Este deterioro de la interacción aún no puede ser representado o contenido en el diálogo. La
tercera interpretación simbólica simplemente aparece como el esfuerzo del analista por ser el
cuerdo, por lo que hablar de ello no parece ayudar. Ciertos tipos de observación parecen
amplificar la vergüenza del paciente por estar desesperado y la culpa por enfurecerse con el
analista. Como señaló Bromberg (2000), el esfuerzo por representar verbalmente lo que está
sucediendo, por involucrar lo simbólico, puede promover la evitación disociativa del analista del
abismo por el que el paciente está amenazado.

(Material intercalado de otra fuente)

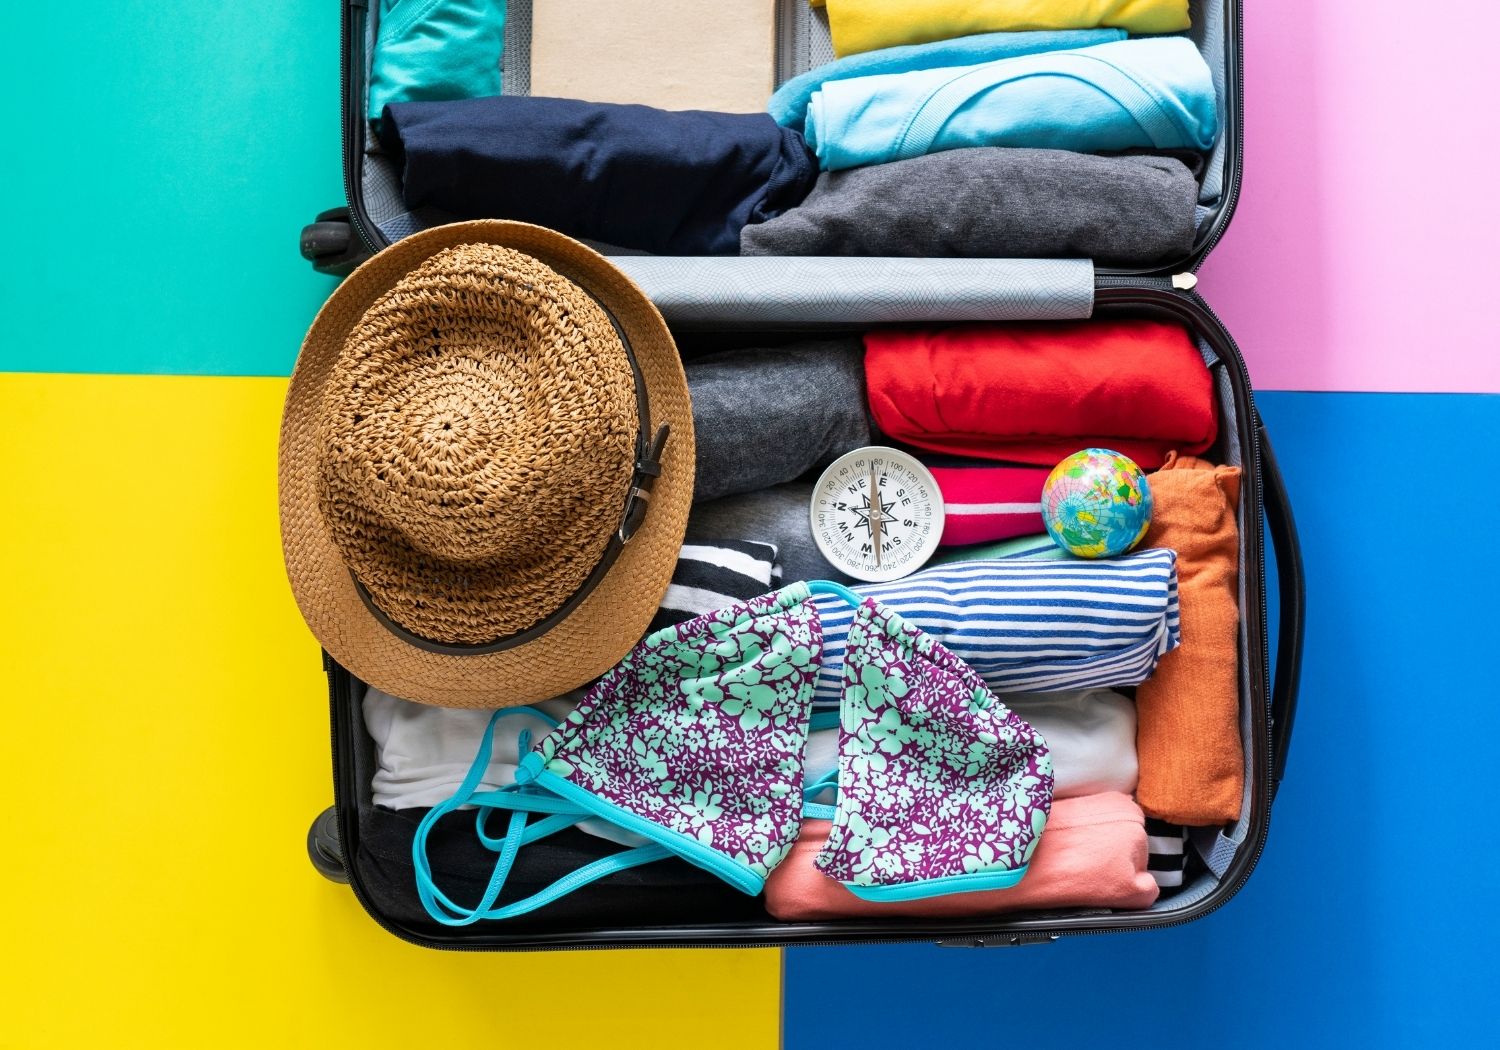 How to fit more things in your carry - on luggage - hacks for

Al revisar tales sesiones en supervisión,
encontramos que es precisamente al "captar" un momento de la disociación del analista -visible,
tal vez, en un enfoque sutilmente disyuntivo que cambia el tono o la dirección de la sesión- que el
carácter de la promulgación se pone de relieve y puede ser desentrañado productivamente.
Britton (2000) ha descrito la restauración de la terceridad en términos de la recuperación de la
autoobservación de Ana-lyst, de modo que "dejamos de hacer algo que probablemente no somos
conscientes de hacer en nuestra interacción con el paciente". Una forma de caracterizar esto, de
acuerdo con Schore (2003), es como el analista recuperando la autorregulación y siendo capaz de
salir de la disociación y volver a la contención afectivamente resonante. Otra forma de describirlo
es que el analista necesita cambiar, como dicen Slavin y Kriegman (1998), y en muchos casos esto
es lo que primero lleva al paciente a creer que el cambio es posible. Si bien no existe una receta
para este cambio, sugiero que la idea de rendirse en lugar de someterse es una forma de evocar y
sancionar este proceso de dejar ir nuestra disuasión para hacer operativa nuestra realidad. Hacer
esto, y creo que esto se ha aclarado solo recientemente, y no se ha comentado lo suficiente antes
de la literatura relacional e intersubjetivamente informada recientemente7, es encontrar una
forma diferente de regularnos a nosotros mismos, una en la que aceptemos la pérdida, el fracaso,
los errores, nuestra propia vulnerabilidad. Y, si no siempre (como sostiene Renik (1998a)), a
menudo debemos sentirnos libres de comunicarnos sobre esto al paciente. Quizás lo más crucial
para reemplazar nuestro ideal del analista conocedor con una visión intersubjetiva del analista
como participante responsable es el reconocimiento de nuestras propias luchas (Mitchell, 1997).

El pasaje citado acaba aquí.